White Anglo-Saxon Protestant was always a bit of a misnomer. Some of the richest and most powerful men of the early twentieth century were Scots-Irish, not AngloSaxon. People of German, Dutch, and French Huguenot descent were also prominent. Roosevelt is not an AngloSaxon name. But we live at a distance from Europe, so in the American context, all Protestants with Northern European backgrounds were viewed as WASPs. Well into the second half of the twentieth century, WASPs held the important positions in finance. They headed up the major companies, had top roles in government, and were university presidents.

The rest of society largely accepted this predominance. The Irish Catholics in Boston and elsewhere rebelled more than a century ago, continuing their tradition of anti-English solidarity. But American culture as a whole revolved around the WASP center. Joseph Kennedy sent his sons to Harvard, not Boston College. Jewish celebrities, and others with Eastern European or Italian surnames, adopted WASP stage names: Irving Berlin, George Burns, Rock Hudson, Dean Martin.
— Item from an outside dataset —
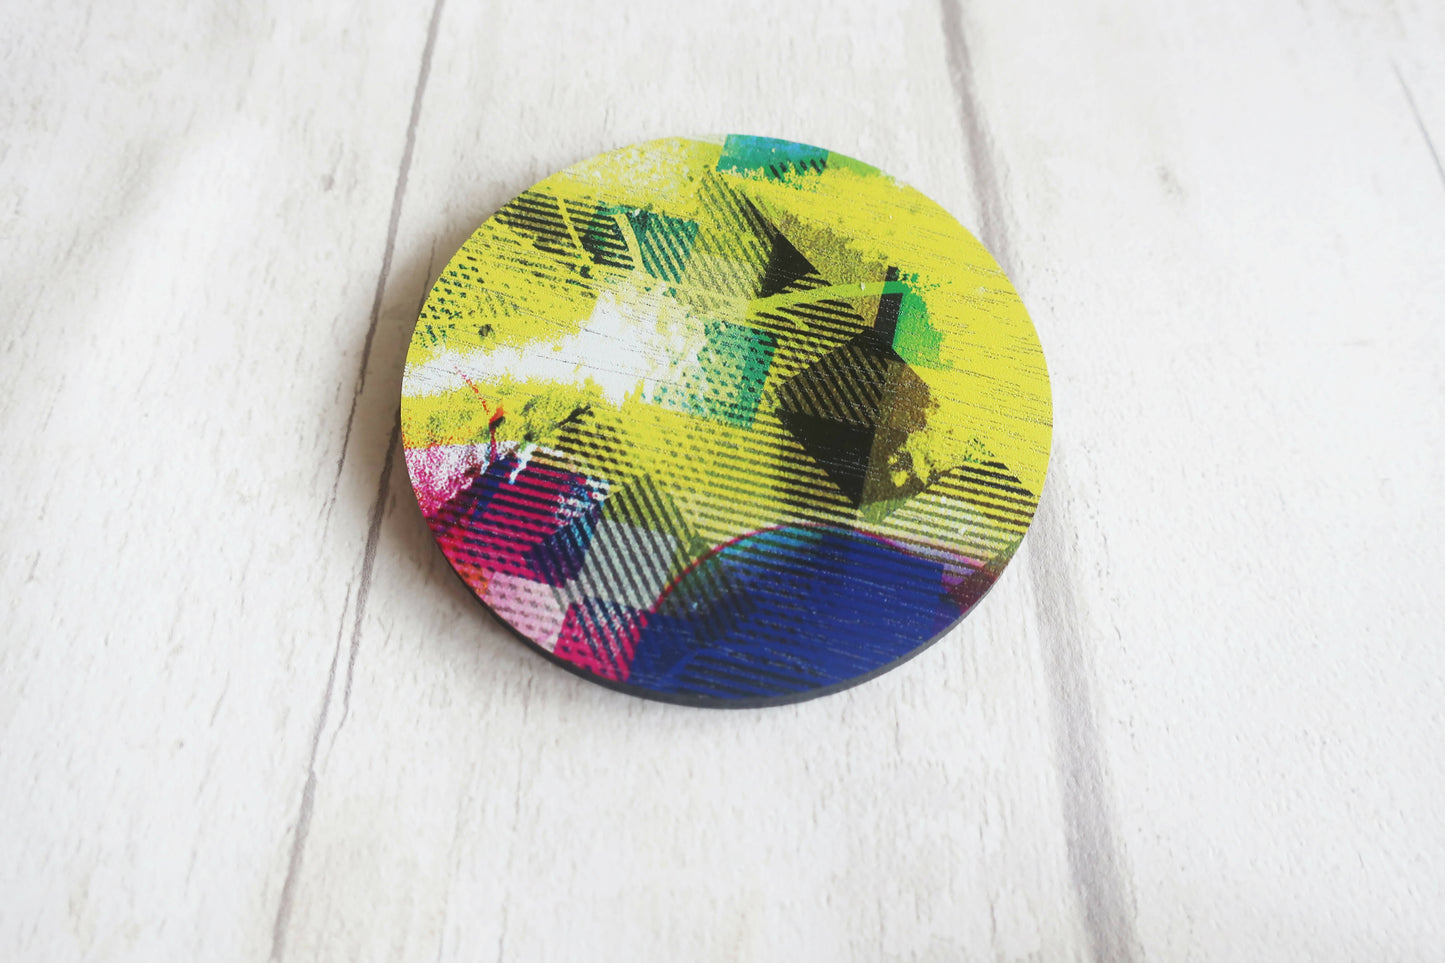 Large statement yellow brooch, round graphic pin brooch

The Protestantism in WASP culture was not an afterthought. Presbyterian, Episcopalian, and Congregational churches were once important institutions. Collectively, they were called "mainline Protestantism," a designation meant to signal the central, authoritative role that these churches played in shaping the Christian consensus in America. Mainline Christianity was liberal, not in the narrow, political sense we usually give to the word, but in its broader meaning. Being "liberal" in religion meant being open and flexible when it came to dogma, earnest and sincere in morality, and confident that the leading edges of innovation in America are part of God's greater plan for all mankind.
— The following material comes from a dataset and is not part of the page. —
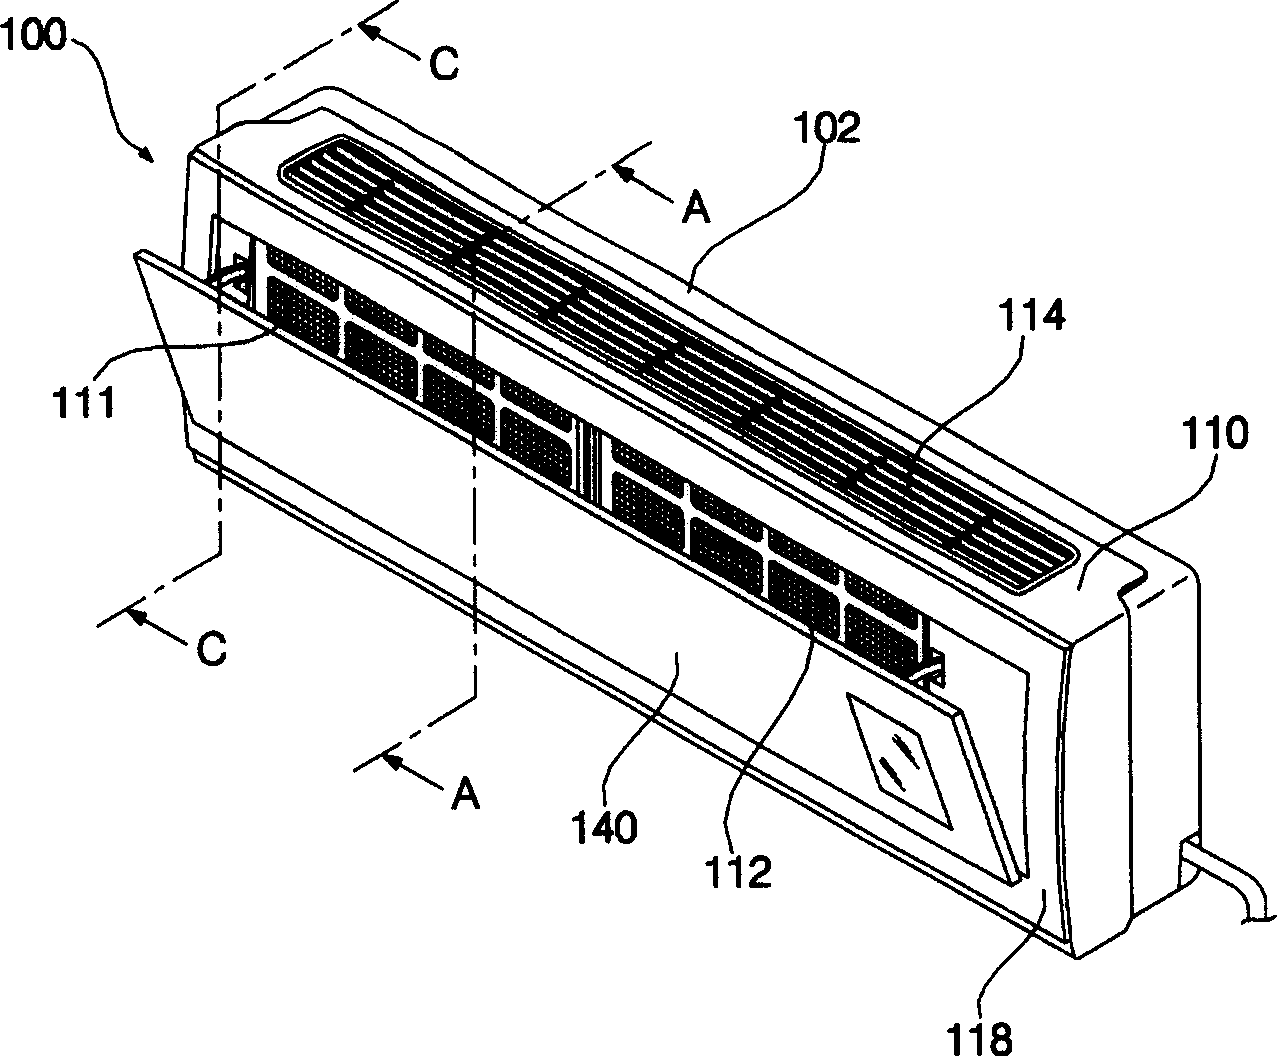 Air conditioner filter device

Young people familiar with the political culture of the last few decades, in which religious conservatives have been at odds with secular liberals, often have difficulty grasping the fact that, until recently, all the progressive movements in American politics were promoted and heavily influenced by the mainline Protestant churches. This was not only true of the civil rights movement, but earlier movements as well. Abolitionism was a church-based political movement. More than one hundred years ago, the Social Gospel did much to prepare the American capitalist class to accept and support the modern welfare state. Liberal WASPs led the most ambitious effort of social engineering in American history, Prohibition. They also promoted pacifism, disarmament, and world government after World War I; after World War II, they got behind America's Cold War role as defender of the free world. …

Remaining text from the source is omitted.